Required work
Could the data below be printed out exactly, with the pictures left out?

Dataset content
--------------------------------
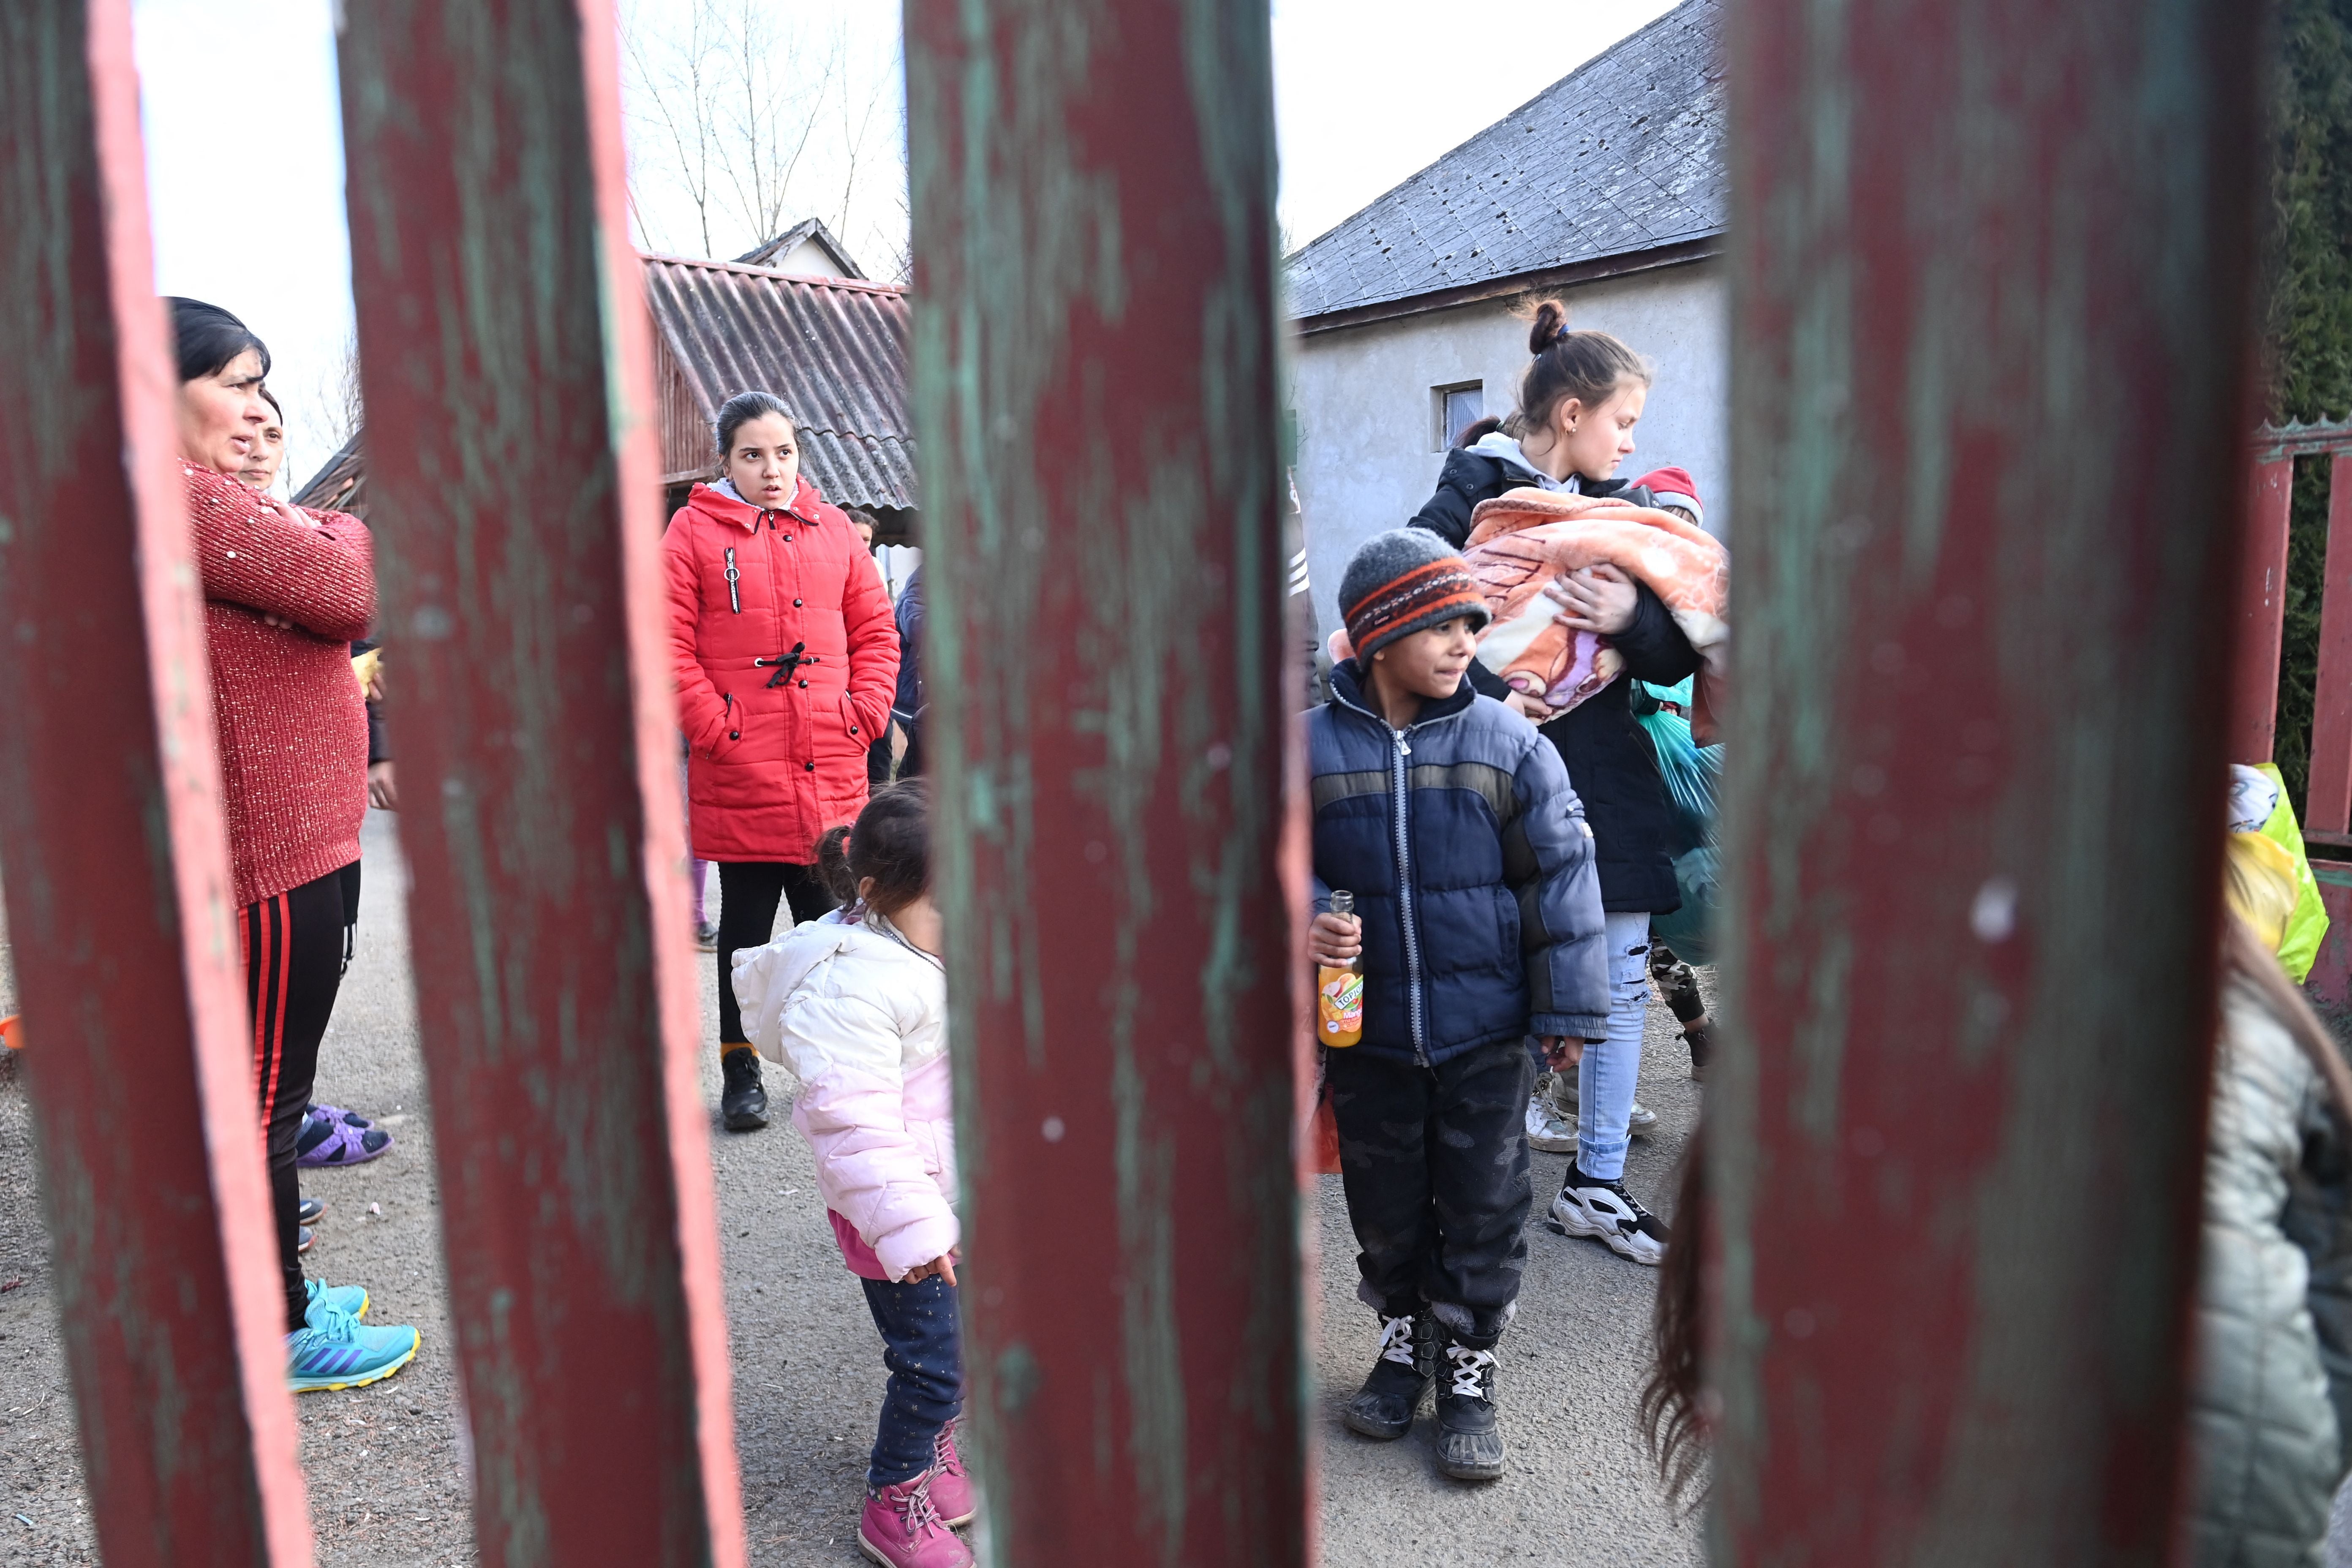 Romani people fleeing Ukraine arrive in Tiszabecs, Hungary, in late February
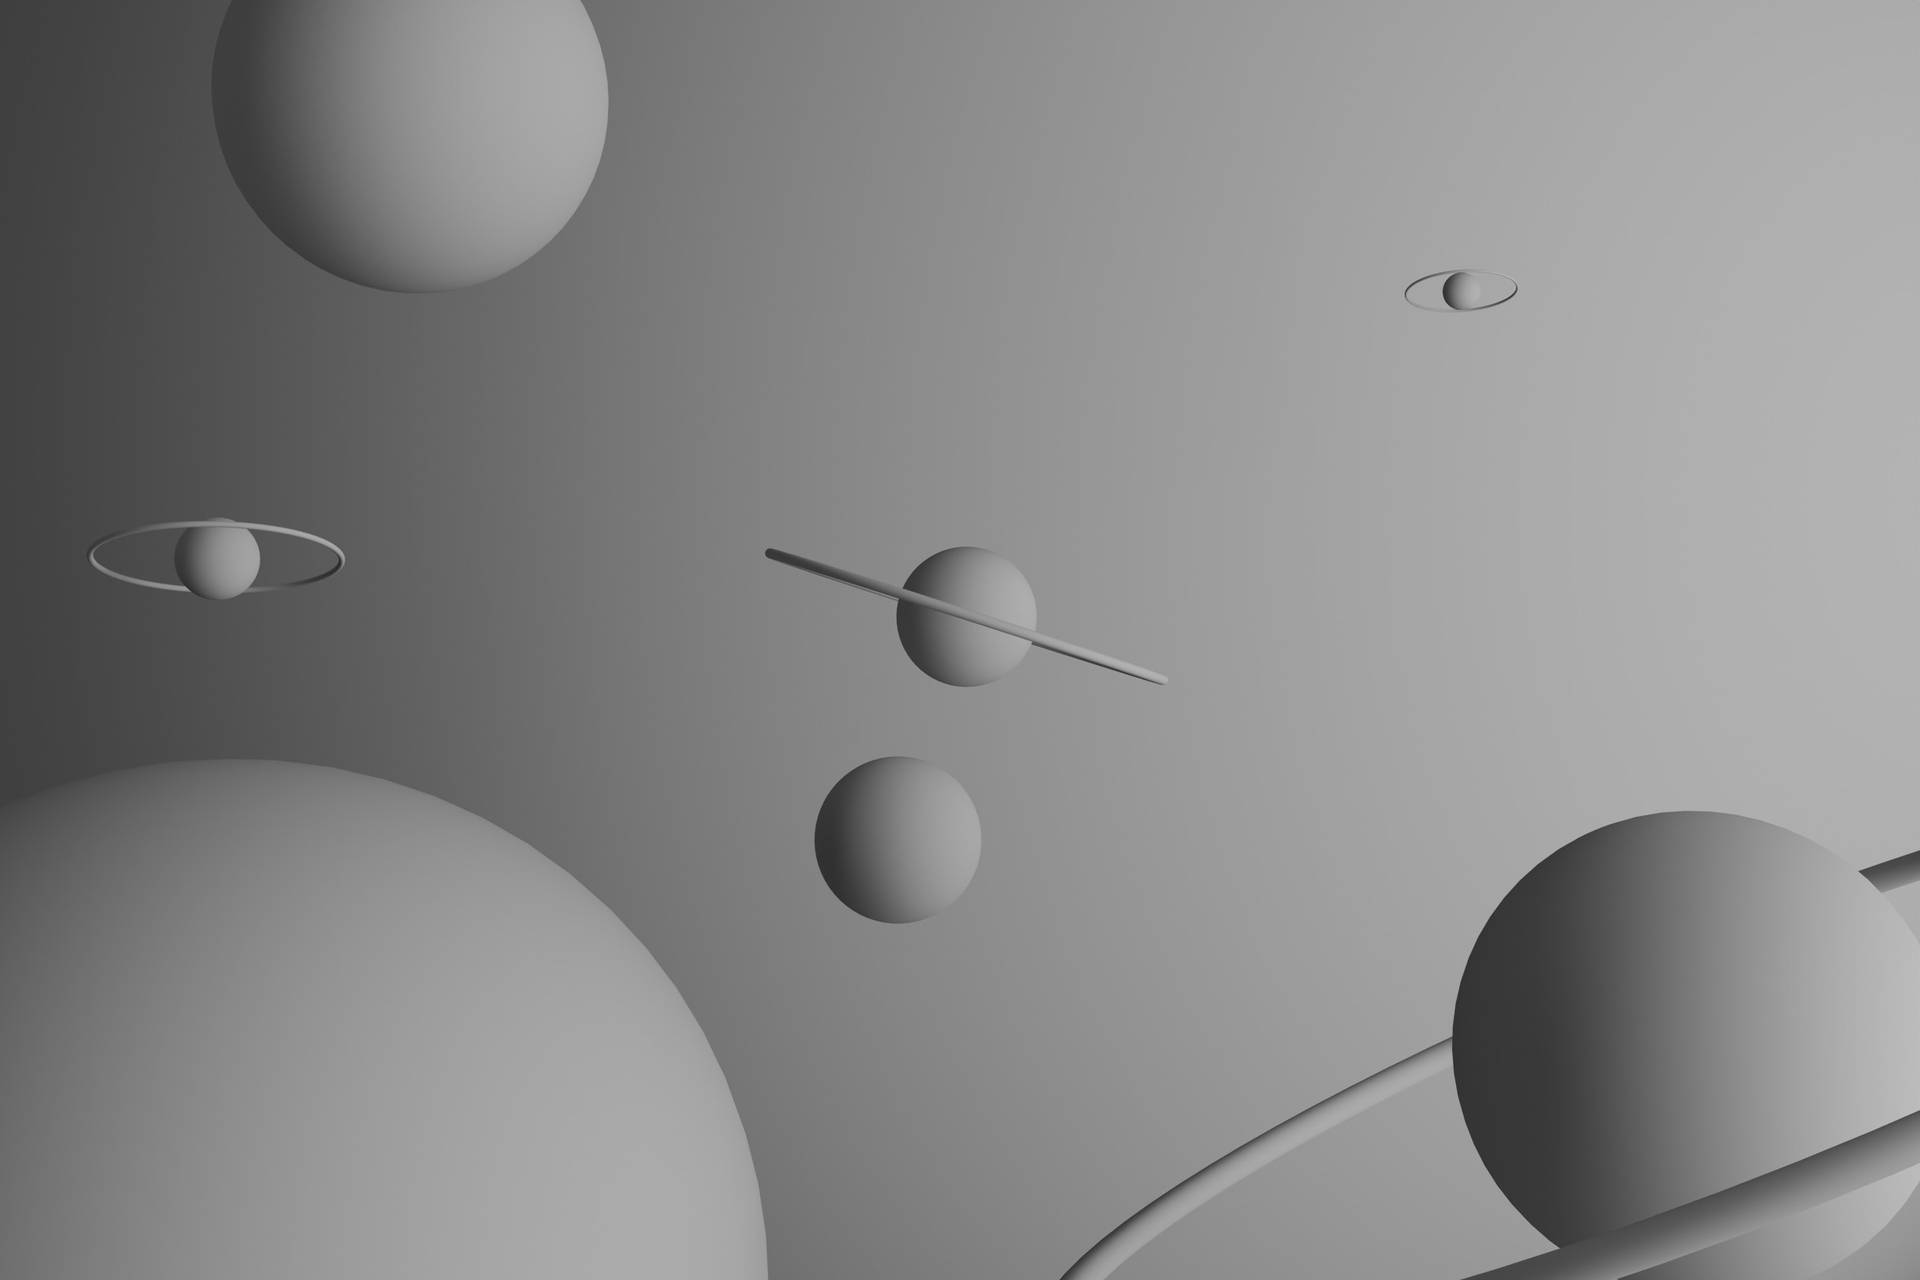 Light Grey Planets Animated Desktop Wallpaper
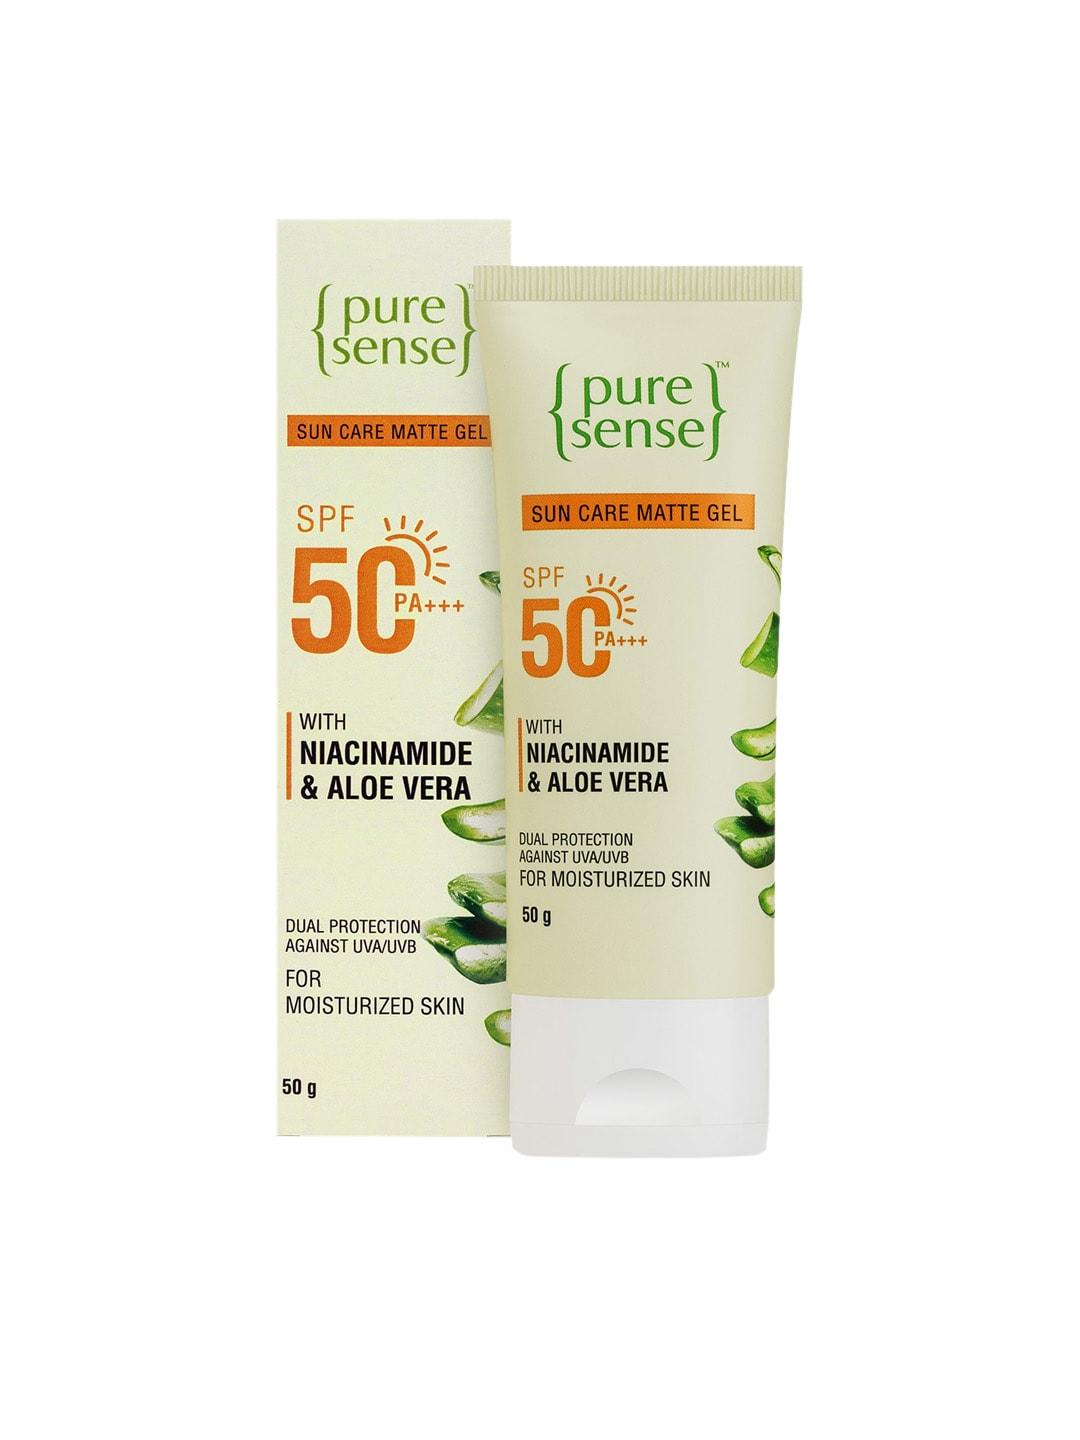 Pure Sense SPF 50 PA+++ Sun Care Matte Gel with Niacinamide & Aloe Vera - 50 g
--------------------------------
The answer
 Romani people fleeing Ukraine arrive in Tiszabecs, Hungary, in late February
 Light Grey Planets Animated Desktop Wallpaper
 Pure Sense SPF 50 PA+++ Sun Care Matte Gel with Niacinamide & Aloe Vera - 50 g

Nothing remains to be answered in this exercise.